Дочка Бестужева, аграфена Волконская, до недавнего времени была душой небольшого кружка придворных лиц. Но несколько дней назад Волконская попала под арест. Что-то связанное с умершим австрийским послом Рабутиным или просто против Светлейшего интриговали. Вместе с княгиней теперь в опале мои бывшие учителя Маврин, чернокожий Абрам Ганнибал (тот самый любимый предок Александра Пушкина!) и кабинет-секретарь умершей императрицы Черкасов.
Тему опалы врагов Меншикова не стали развивать в его собственном доме. Никому не хотелось оказаться следующим в списке репрессированных. Перескочили на тему современной моды. Елизавета похвасталась новой прической в стиле рококо под названием «неженка». Семен Нарышкин, пришедший без обязательного парика, объяснял секреты своей прически «а-ля Катогэн» в виде зачесанных назад волос, завязанных в хвостик черной лентой. Чтобы поддержать новую моду, спросил у Нарышкина имя парикмахера.
Незаметно перешли к обсуждению лошадей. Бутурлин доказывал, как хороши лошади липицианской породы из Вены, подошедший в нашу компанию Сергей Голицын хвалил андалузскую и лузитанскую породы. Другой новоприбывший, английский резидент Клавдий Рондо сообщил о ежегодных скачках в Ньюмаркете, где последние годы нет равных жеребцу Флейнт Чайндерсу и его сыну Блэйзу.
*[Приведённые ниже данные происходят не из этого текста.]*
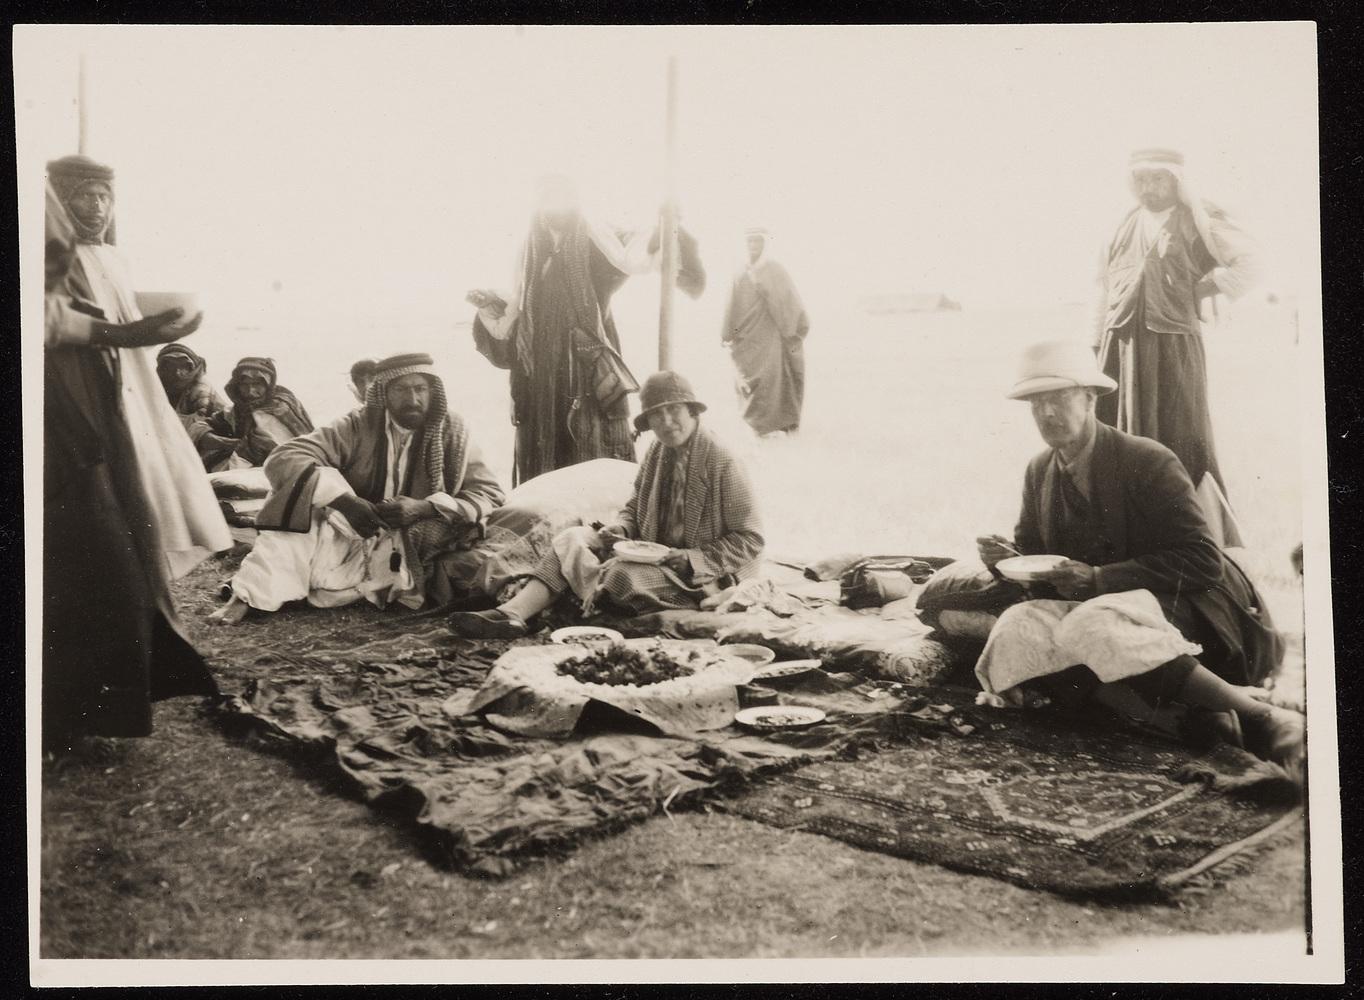 Stefana Drower with a Bedawi Sheikh, probably Shammar. Iraq, c. 1920s

Я расспросил об условиях скачек. Надо бы и в России устроить свой конезавод и скачки. Может удастся улучшить породу российской кавалерии, а то к Семилетней войне она выглядела бледновато по сравнению с рослыми и быстрыми лошадьми немцев. Как-то незаметно перешли на разговор по-английски, который знал Игорь Семенов пусть и вариант XXI века. Диалог с англичанином замер, когда я почувствовал тишину в зале. Даже в этом продвинутом обществе знание английского не было распространено по сравнению с знанием немецкого и французского языков.
— Ты хорошо говоришь по-английски, Петя. — удивленно протянула Елизавета.
Я пожал плечами.
— Красивый язык. Не хуже французского.
Тут же перешли к сравнению поэтических достоинств языков. Елизавета прочитала мадригал Саблиера, англичанин припомнил что-то из Шекспира, Голицын — сонет Сотомайора, Шепелева прочитала модного Гюнтера. В итоге я, как судья импровизированного соревнования присудил победу французской поэзии в исполнении цесаревны. Быстро метнувшийся в библиотеку Лопухин принес приз — самый симпатично выглядевший томик французской поэзии.